## Dataset section:
╔══

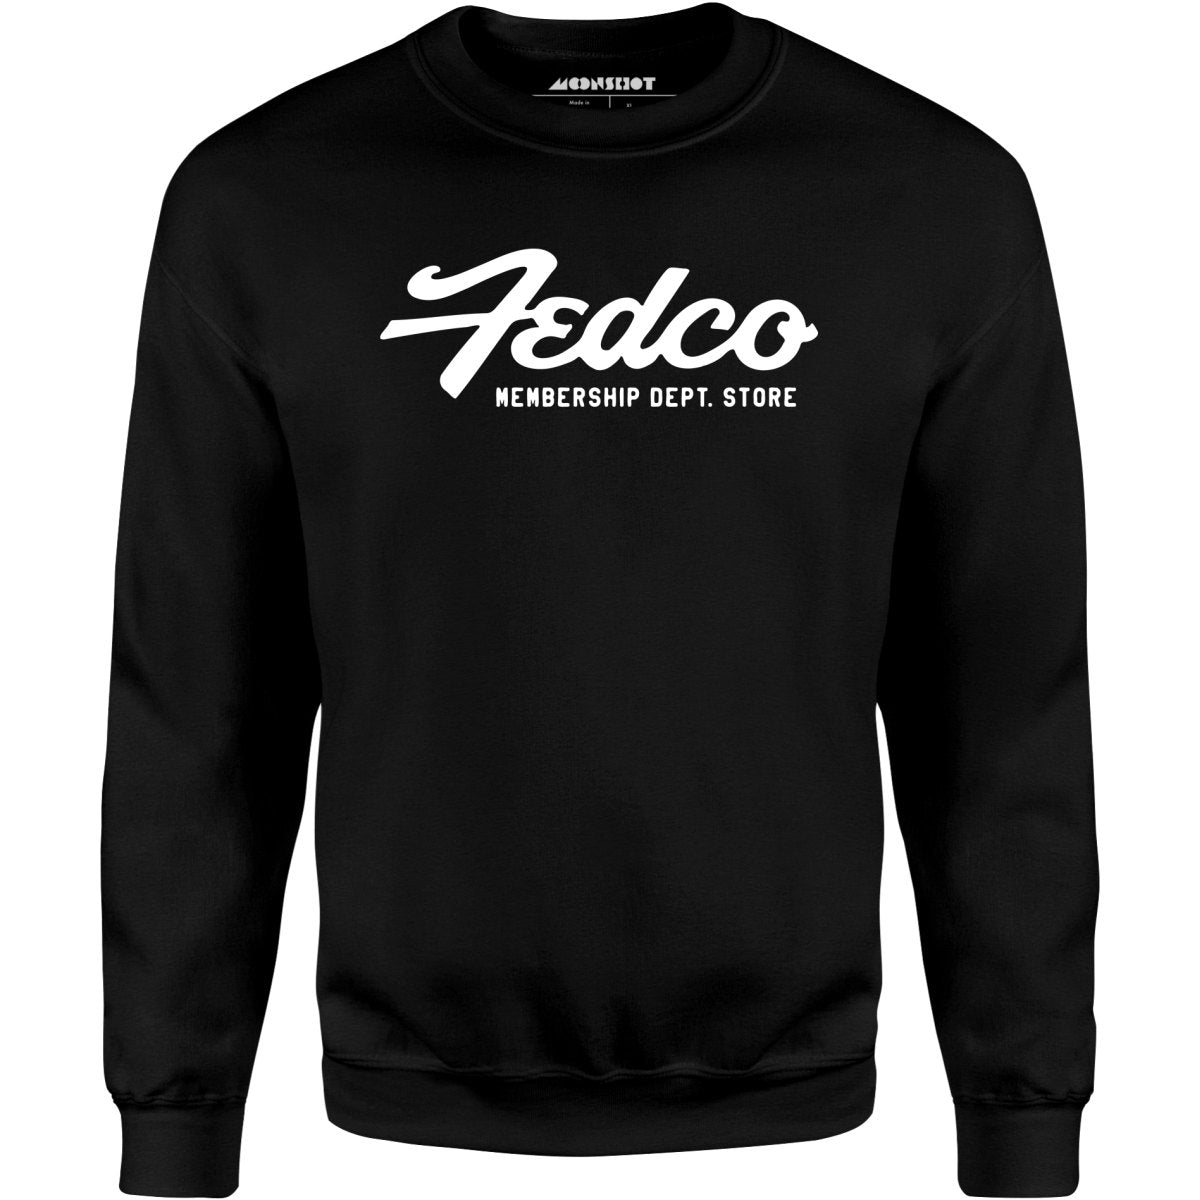 Fedco - Vintage Department Store - Unisex Sweatshirt
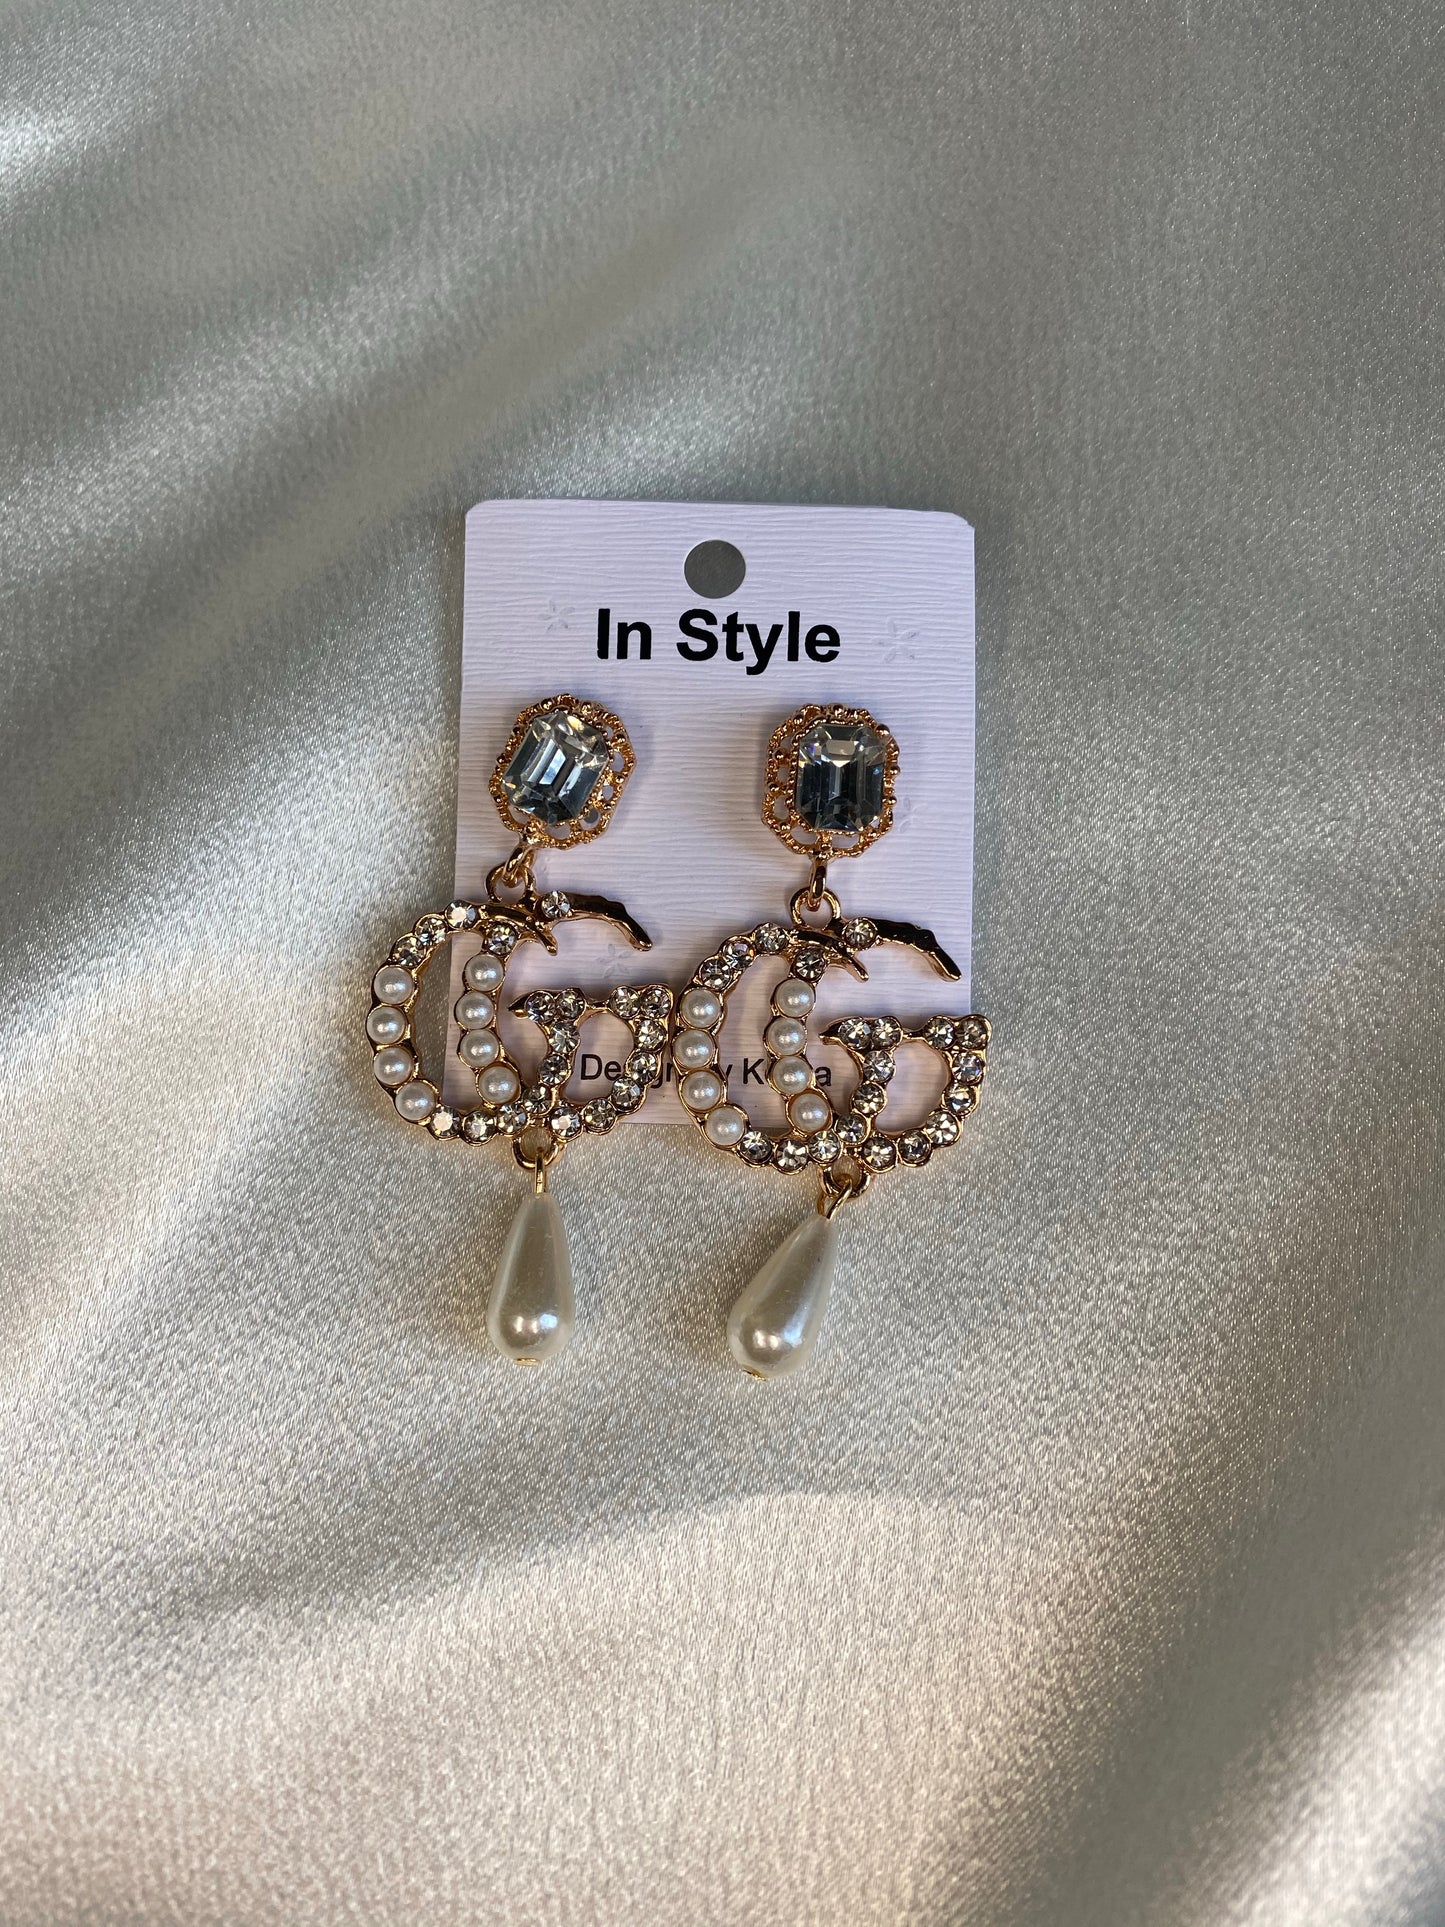 Silver inspired earrings
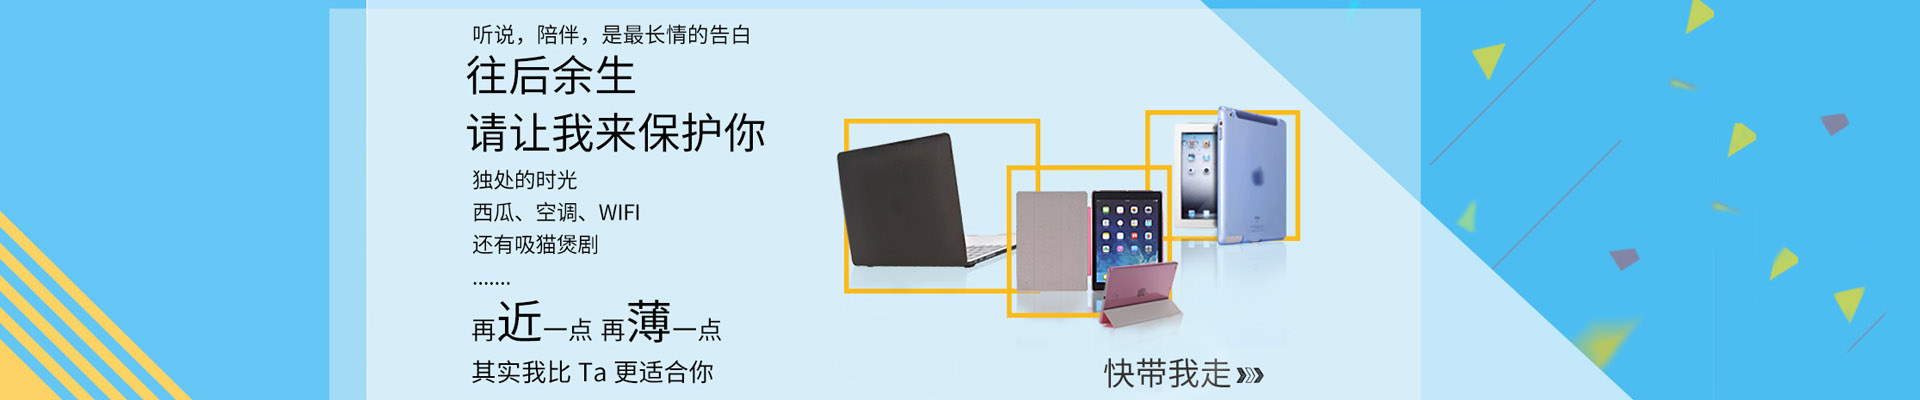 iPadair全包保护壳-PC款-东莞市成康电子有限公司

╚══

## Your objective:
Transcribe every line of the listing above exactly; skip the pictures.

## Task output:
 Fedco - Vintage Department Store - Unisex Sweatshirt
 Silver inspired earrings
 iPadair全包保护壳-PC款-东莞市成康电子有限公司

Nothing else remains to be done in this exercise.